− Разувайся, − со вздохом сел Паха. - Ноги посмотрю.
Просьбу от него Чили восприняла негативно. Заботливый какой! Помним-помним!
Паха обреченно вздохнул. В того ли я попал из Последнего Поцелуя.
Она разулась. На Паху грешила, а у самой?! Ноги источали удивительное амбре*.
Паха, с житейским спокойствием, буркнув сама сказала от жопы растут, осмотрел ей ступни. Отошел, надрал ярко голубых цветочков. Всунул Чили.
− Намни и разотри. Не так потеть будут.
Чили не стала спорить, помяв цветы, втерла их в кожу.
После этого никаких беспокойств. Сытая дрема на свежем воздухе и при чадящем костре. Мухи, занятые ползаньем по котелку, не слишком донимали.
Бездеятельность Пахи закончилась, как только солнце склонилось к закату. Он еще раз обследовал в свою одноглазую оптику окрестности, подбросил дровин, расшевелил оживил костерок. То, что дым увидят с дальнего расстояния, тревоги большой не выказывал. Увязав повыше понягу, надел на нее свою бандану.
− В общем, он это я, − Паха поправил головной убор на своей придумке. − Садись рядом и создавай компанию.
− Просто поразительное сходство!
− Отсюда, − Паха очертил пространство, − ни полшага! − и забрав автомат, пропал.
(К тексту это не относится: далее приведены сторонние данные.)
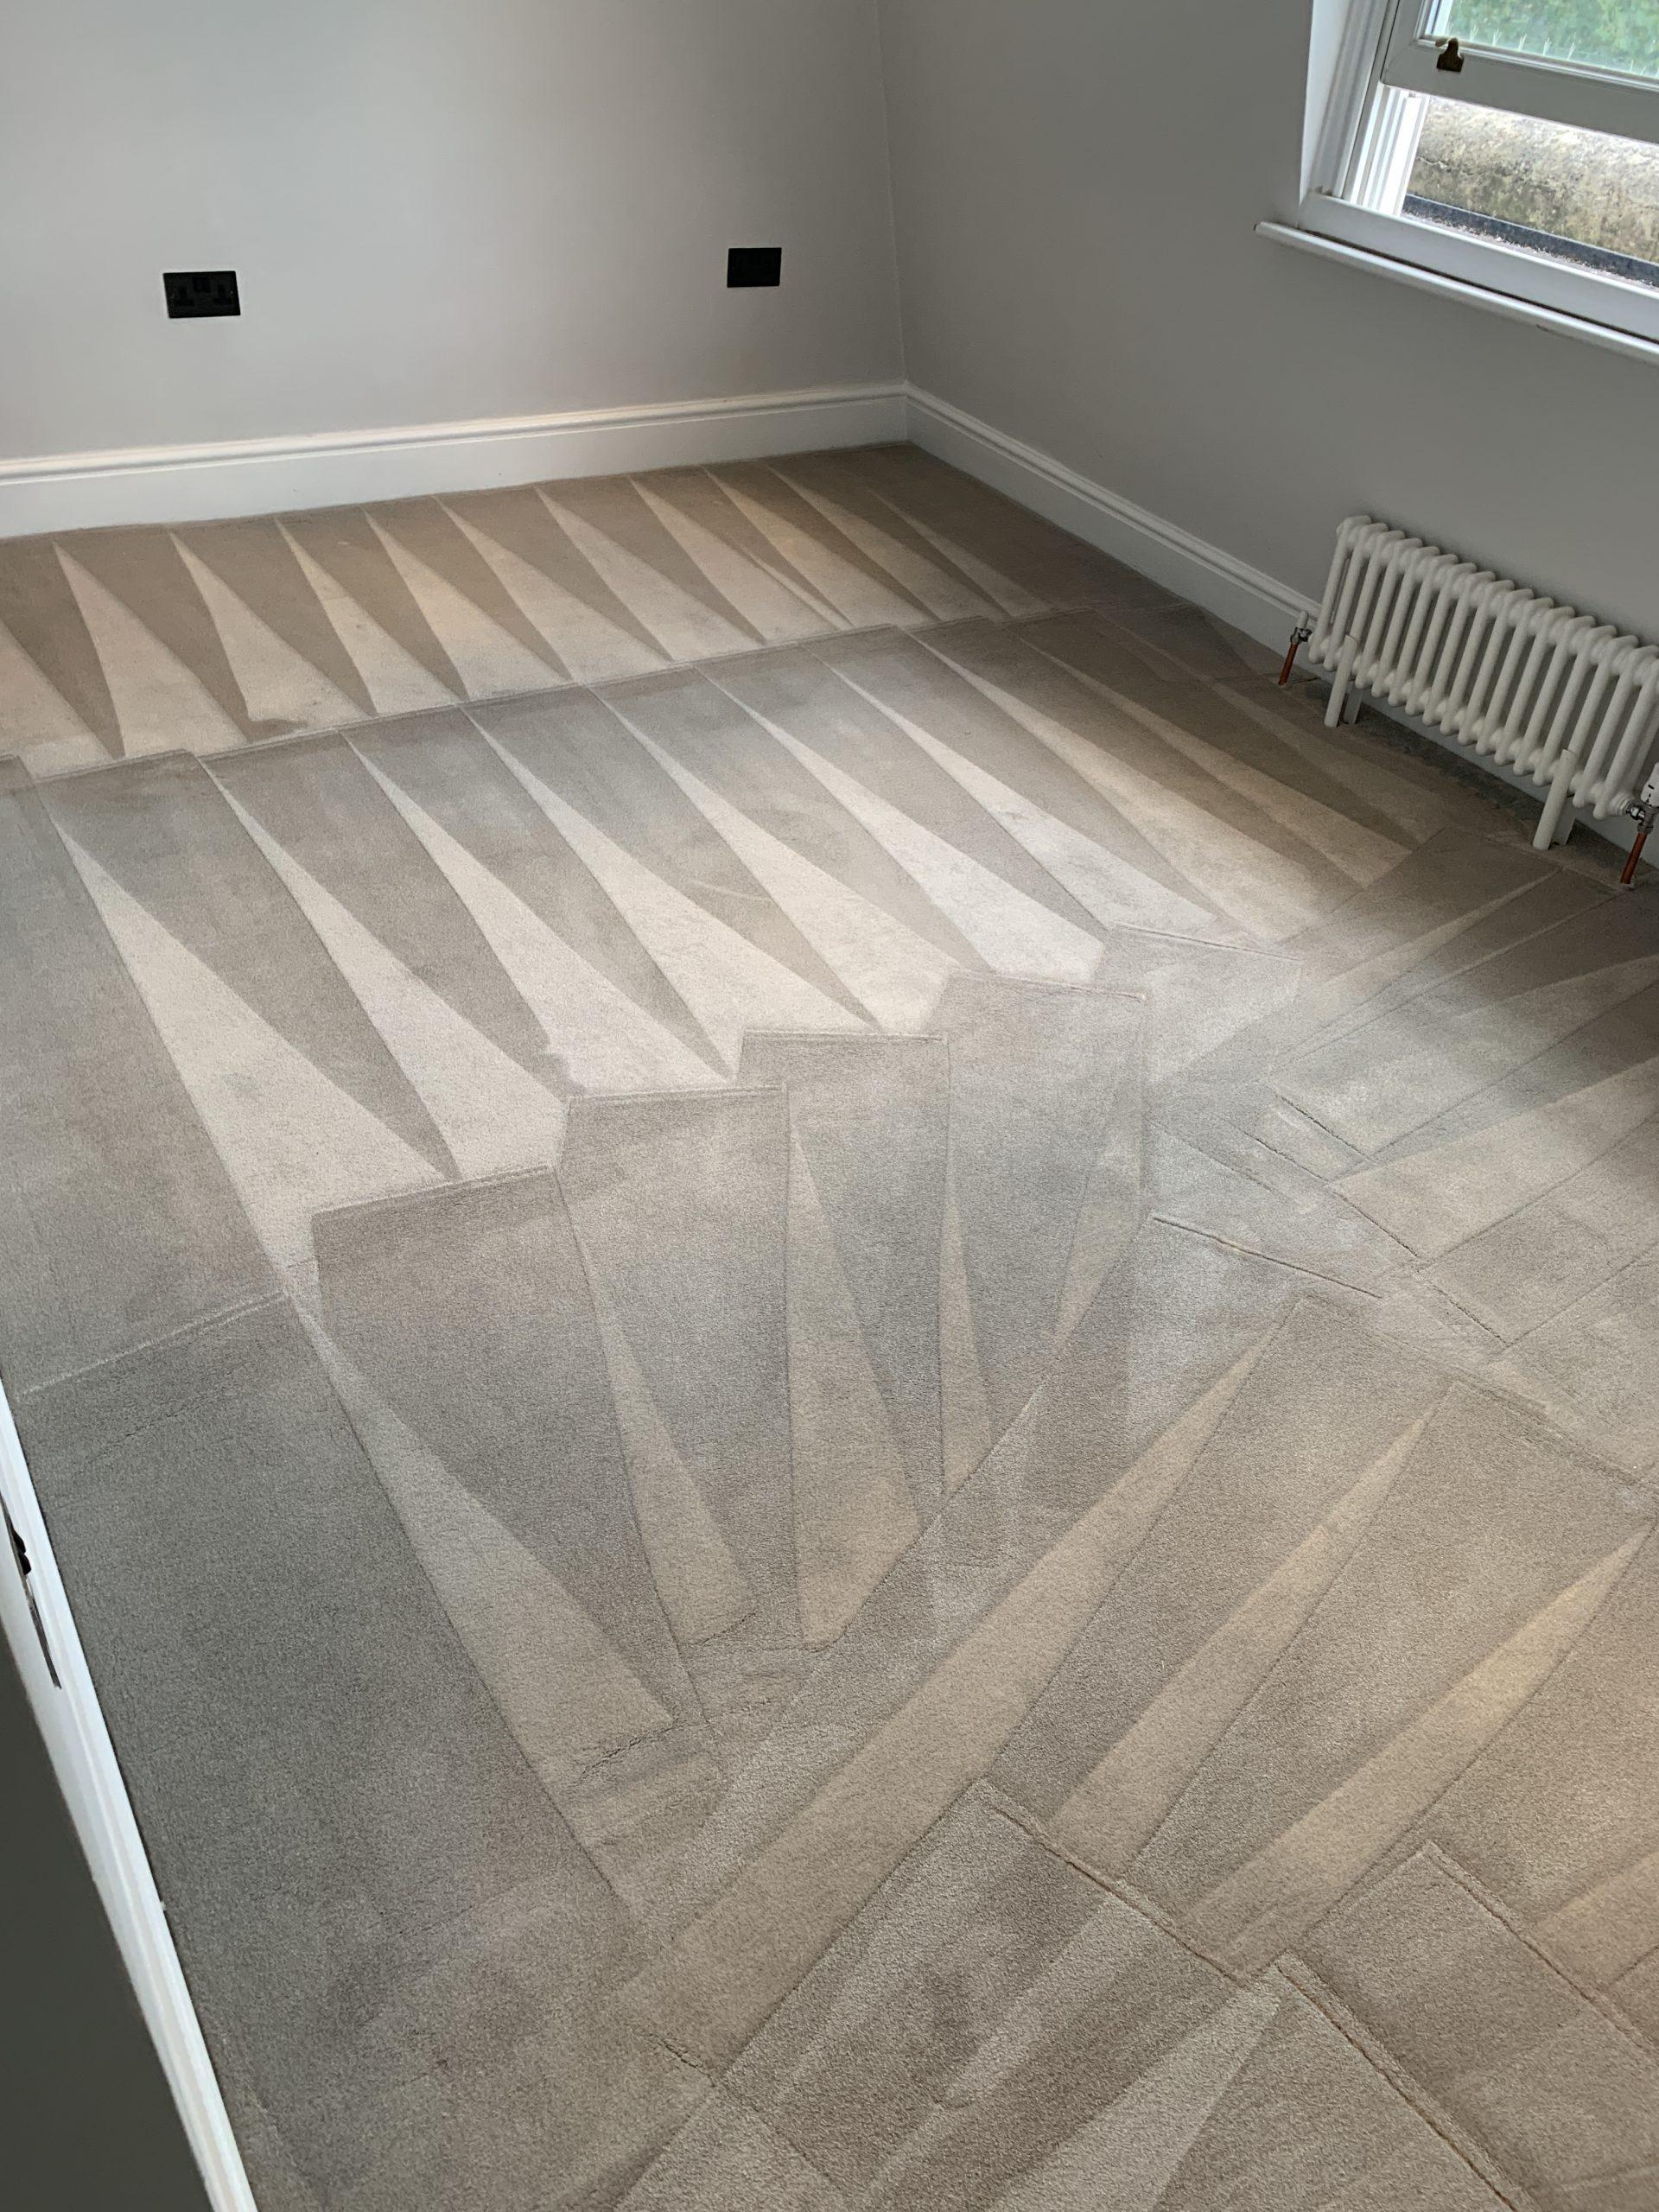 carpet cleaning Acton - Supreme Furnishings

В кусты скользнул, что ящерица. Ни ветка не колыхнулась, ни сучок не хрустнул. Был и нету! Растаял дымом в сумерках вечера. Настроение шутить и подначивать у Чили сразу пропало. Паха конечно гад, но с ним как-то спокойней. Девушка даже привстала на мыски и вытянула шею поглядеть, где он там? Далеко или рядышком. Подозрение что он оставил её ( её и рюкзак!) в качестве приманки Чили и рассматривать не стала. И так душа не на месте.
Паха, с остановкой, вскарабкался на откос. Неподалеку от бетонного карниза ощетинившегося арматурой, присмотрел ровность и залег. Внимательно, без спешки, оглядел округу. Затем прикрыл веки и повел головой из стороны в сторону, словно пытался увидеть местность не зрением, в неким охотничьим чутьем. Или звериным. Последние будет правильнее.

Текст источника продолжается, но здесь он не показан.